Harold Aptroot posted a method to compute the nearest integer with the same population count (popcount) as the input (see below). This got me thinking about the various enumeration methods so I’ll toss out some comments. I’ll show 32-bit example code (64-bit follows directly) and use 16-bit for visual examples.

Implementations in 32 & 64 bit with visual examples (like below) can be found HERE.

## Next popcount

Visting the next greater integer with the same popcount is the commonly seen method. Let’s walk through to a method (found in “Hacker’s Delight”, second edition in exercises. Warren credits David de Kloet) which has the interesting properly that if the input is the maximum integer (of the given popcount) then all ones is returned.

First let’s look at what happens if we were to just increment until we find the result:

with the following example input and after a “few” iterations (.=0 x=doesn’t matter)

$\begin{array}{lll} \texttt{x} & = & \texttt{xxxxxx.1.111....} \\ \texttt{a} & = & \texttt{............1111} \\ \texttt{x+a} & = & \texttt{xxxxxx.1.1111111} \end{array}$

all values of $a$ up to and including the above (as many 1s as there are trailing zeroes in the input) result in $(x+a)$ having a greater popcount than $x$ so we speed up the increment method by initializing $a$ to the value of the lowest set bit in $x$ which can be expressed as (x & -x).

Our example then looks like:

$\begin{array}{lll} \texttt{x} & & &=& \texttt{xxxxxx.1.111.... : } \text{input} \\ \texttt{a} &=& \texttt{x & -x} &=& \texttt{...........1.... : } \text{isolate lowest set bit} \\ \texttt{b} &=& \texttt{x + a} &=& \texttt{xxxxxx.11....... : } \text{closer!} \\ \end{array}$

which generally has a smaller popcount than $x$. Specifically if we call $L$ the length of the lowest run of 1s (here 3) and target popcount $p$ then $\text{popcount}\left(b\right) = p-(L-1)$ because the $L$ 1s of the run flip to zero and the first zero after flips to 1. So to get to our desired result we’d need to keep adding until the bottom $(L-1)$ bits are set.

Now let’s note that we can isolate the lowest run of 1s in a integer using our temporary value $b$ as (x & ~b).
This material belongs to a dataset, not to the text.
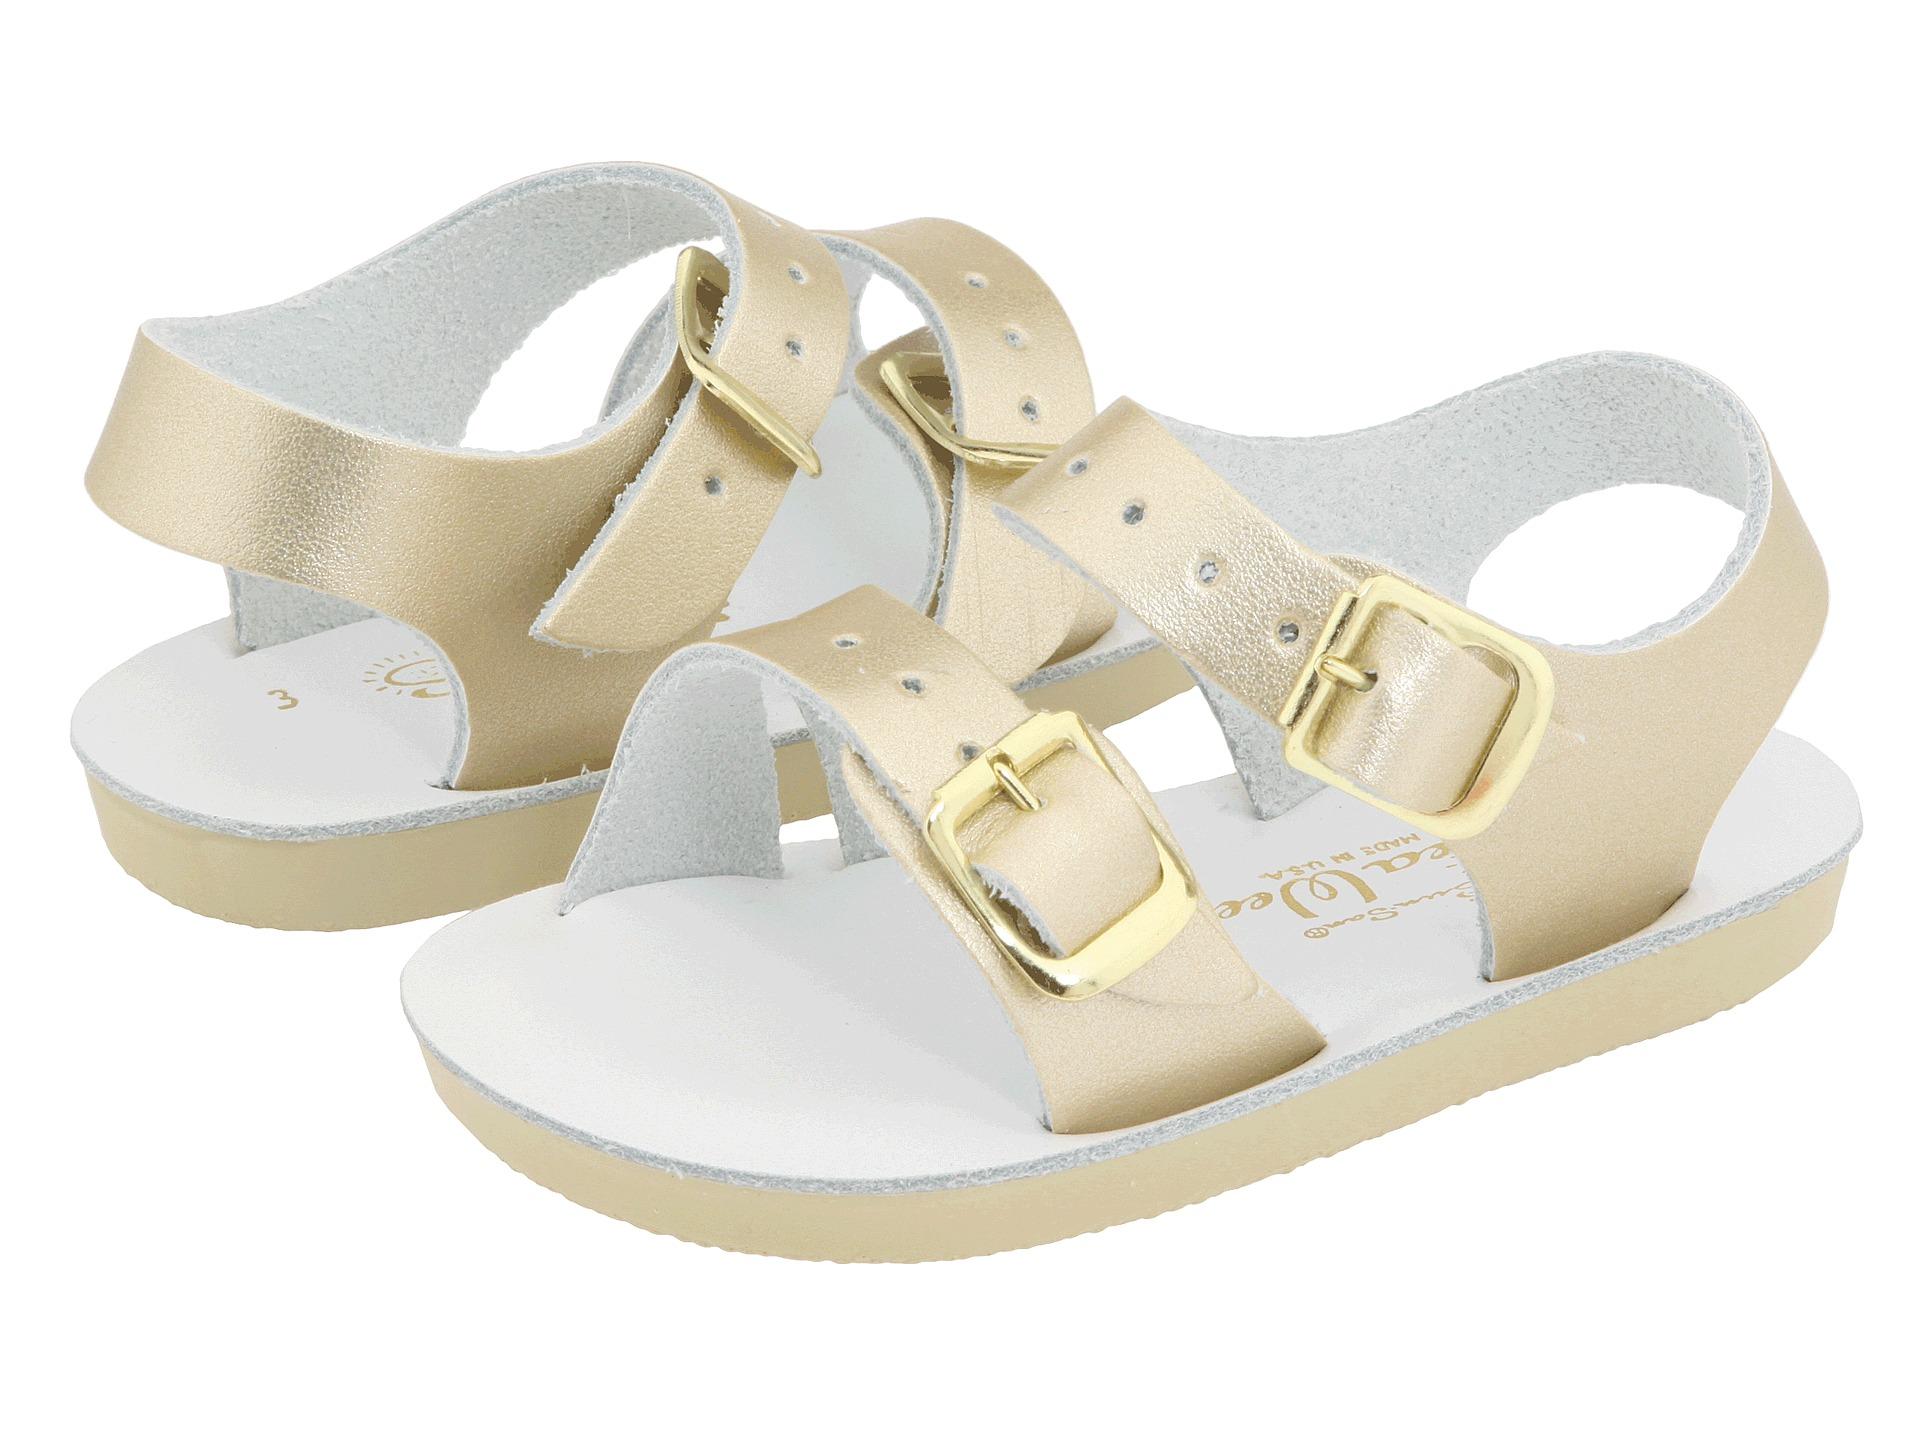 salt water sandal by hoy shoes sun san sea wees infant toddler gold free. Black Bedroom Furniture Sets. Home Design Ideas

We simply need to right shift this value by one more than it’s “trailing zero count” to have the needed number of 1s in place:

$\begin{array}{lll} \texttt{x} & & & = & \texttt{xxxxxx.1.111.... : } \text{input}\\ \texttt{a} & = & \texttt{x & -x} & = & \texttt{...........1.... : } \text{isolate lowest set bit} \\ \texttt{b} & = & \texttt{x + a} & = & \texttt{xxxxxx.11....... : } \text{cascade the run} \\ \texttt{c} & = & \texttt{x & ~b} & = & \texttt{.........111.... : } \text{isolate lowest run of 1s} \\ \texttt{c} & = & \texttt{c >> ctz(c)} & = & \texttt{.............111 : } \text{ * move to bottom} \\ \texttt{c} & = & \texttt{c >> 1} & = & \texttt{..............11 : } \text{ * lose one more bit} \\ \texttt{r} & = & \texttt{b ^ c} & = & \texttt{xxxxxx.11.....11 : } \text{result (add/or/xor all work)} \end{array}$

Note that this shifting twice thing is to sidestep undefined behavior (UB) and we’d have to add one anyway to flip it to a single shift which is a zero sum gain. A direct translation into code then looks like:

This currently returns a funky result when the input is the maximum value of a given popcount. The max value is when the lowest bit string ($b$ above) includes the sign bit and our pair of shifts then result in the smallest number with a popcount of $\left(p-1\right)$ mod the bitwidth.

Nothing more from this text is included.